Monthly Archives: July 2009


Godliness and Godlikeness

The natural heart...

We often think of the Christian life as becoming progressively more like God – in character, if not in substance. Though this is true in some respects, it is not an appropriate description of the whole of sanctification. Indeed, through the process we are to become less like God in certain respects, for naturally we are afflicted with a multitude of inappropriately Godlike dispositions.

The crux of the problem is that we relativize our references when they should be absolute. Take the following examples:

-God values Himself as the highest good.
-We value ourselves as the highest good, as if we were gods ourselves. Our reference to Good must be absolutely like God’s, and not relatively so: we must value God as God values Himself, not value ourselves as God values Himself.

-God’s love desires for its object that which comes from Himself, which is their highest Good.
-Our love naturally desires for its object that which comes from ourselves, as if we had their highest good. C.S. Lewis wrote much about love corrupted in this way – explicitly in The Four Loves, and implicitly in The Great Divorce and Till We Have Faces. Our reference must point the objects of our love absolutely to their highest good, not relatively to ourselves.

-God’s wrath is incited by a slight to His own glory.
-Our wrath is incited by a slight to our own dignity. Instead, proper anger on our part is to be directed at sin – intended slights to the glory of God – our own dignity being counted as nothing (c.f. John Piper’s post on anger without sin).
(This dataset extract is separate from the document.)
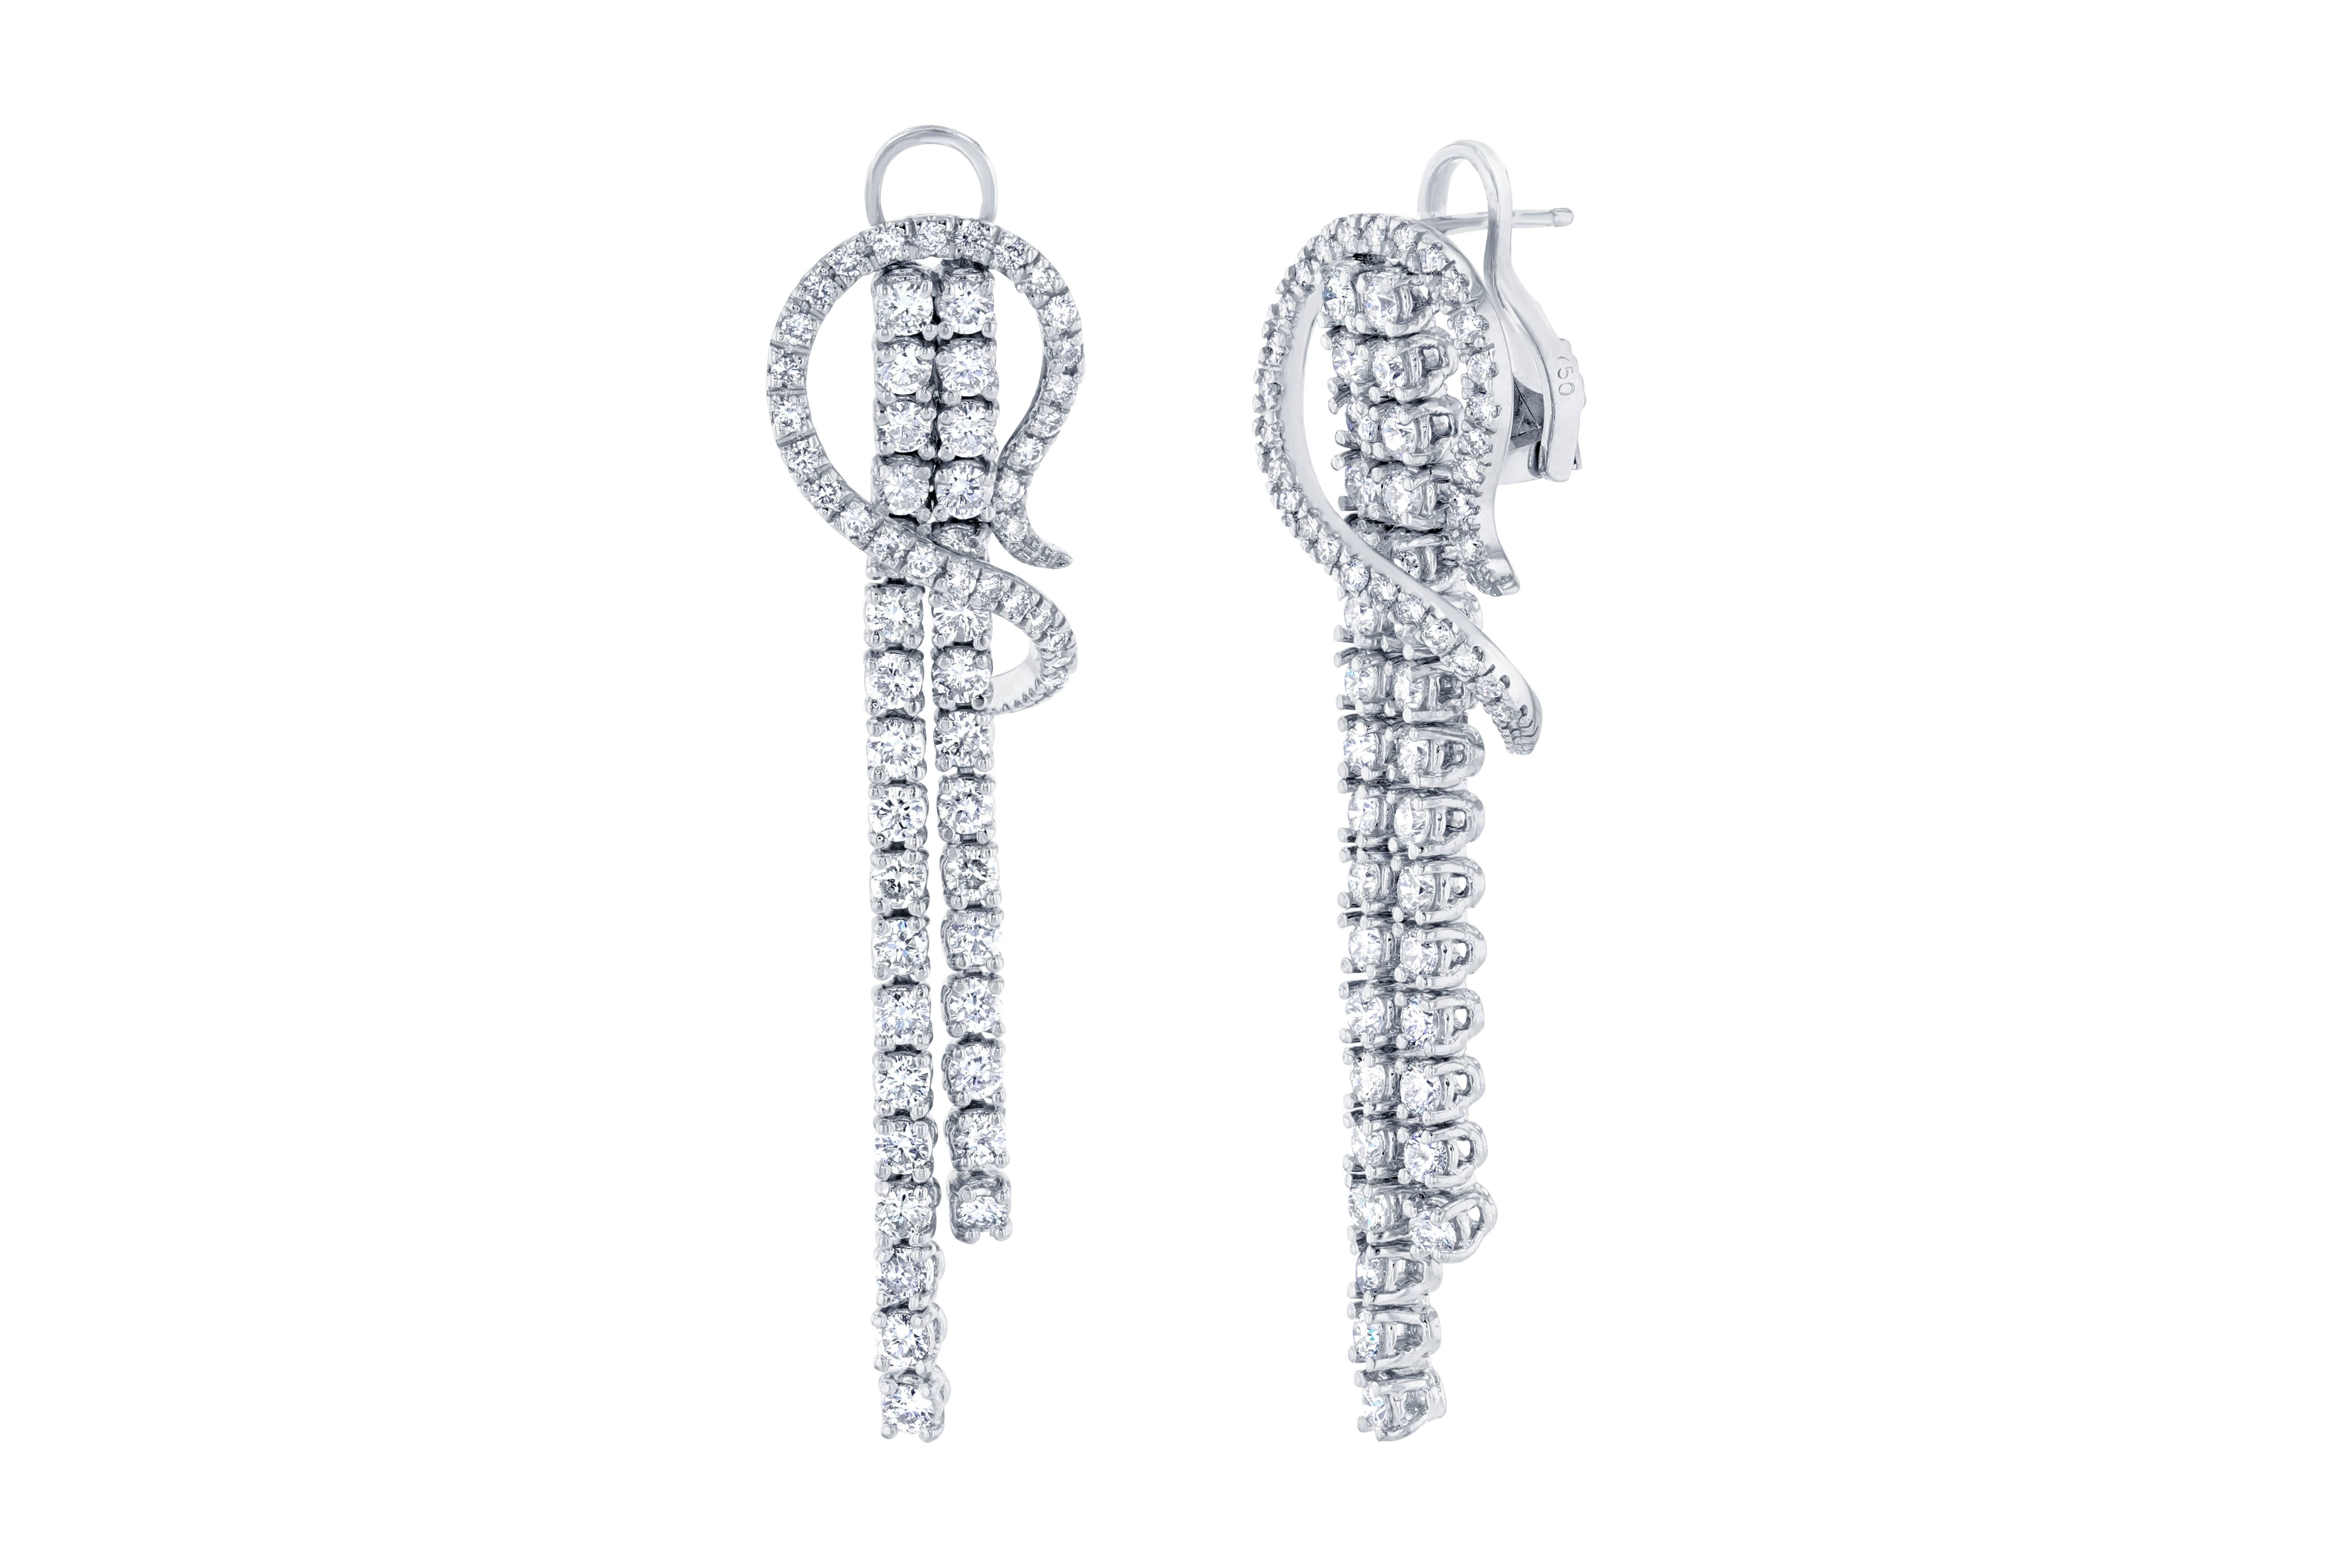 These are some gorgeous earrings that are sure to compliment everyone's wardrobe!  The earrings are designed to elevate your look and are sure to stir up lots of conversation.     There are 124 Round Cut Diamonds that weigh 4.75 carats.  Made in 14K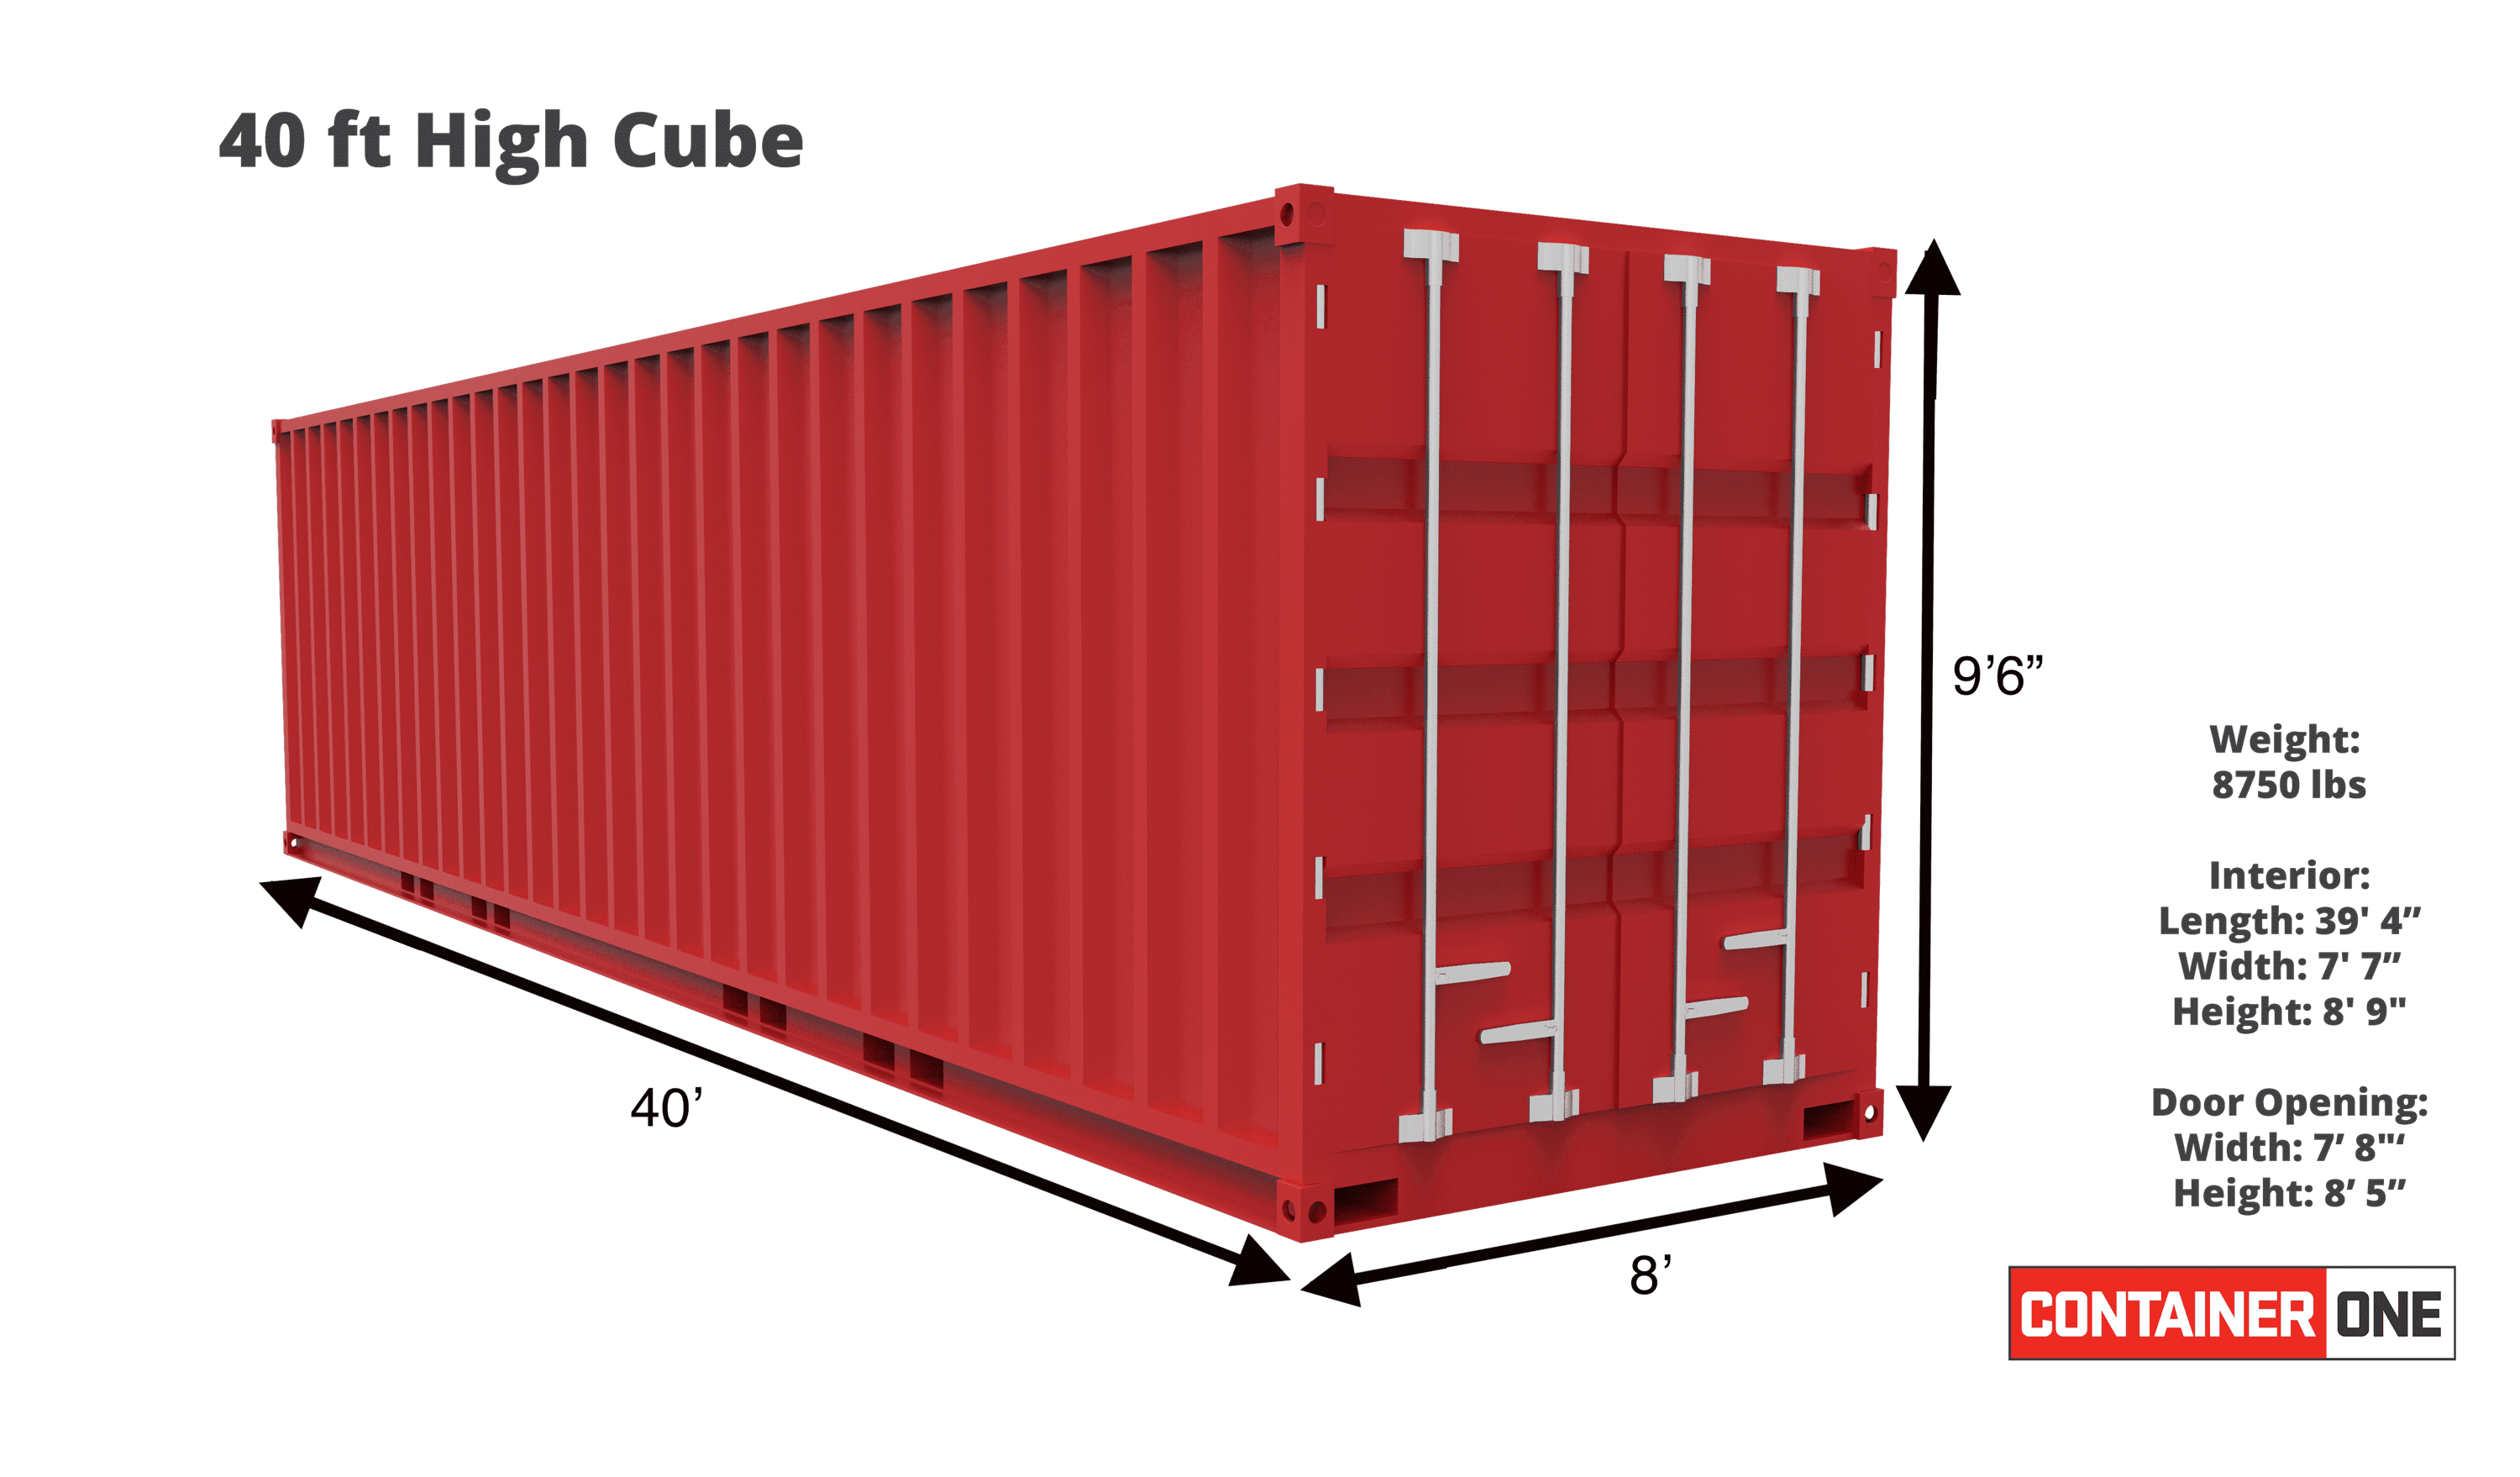 40 foot high cube shipping container specifications

This is the difference between the intended Godliness of the saint and the intended Godlikeness of Lucifer. Where Lucifer desired, as our flesh often does, to lay claim to the object of these references, we must know that they can only be absolute and immutably pointed at God. Without that absolute reference, our values are idolatrous, our love is corrupt, our anger is unjust, and who knows what other categories I’ve neglected to include. I suspect there are many more. It is ultimately the difference between pride and humility, even the root of all sin.



Objection Answered

For a time the question of culpability in predestination was one which I had a sense of the right answer, but for the life of me could not articulate coherently: the Romans 9 “God’s God. He can do whatever He wants” is true in every sense, but also hollow – why would God be glorified in blatant unfairness? I have been ineffective in refuting the idea that predestination is unfair (maybe occasionally venturing towards “it’s unfair and that’s ok”), and so would like to apologize to anyone to whom I may have misrepresented the answer.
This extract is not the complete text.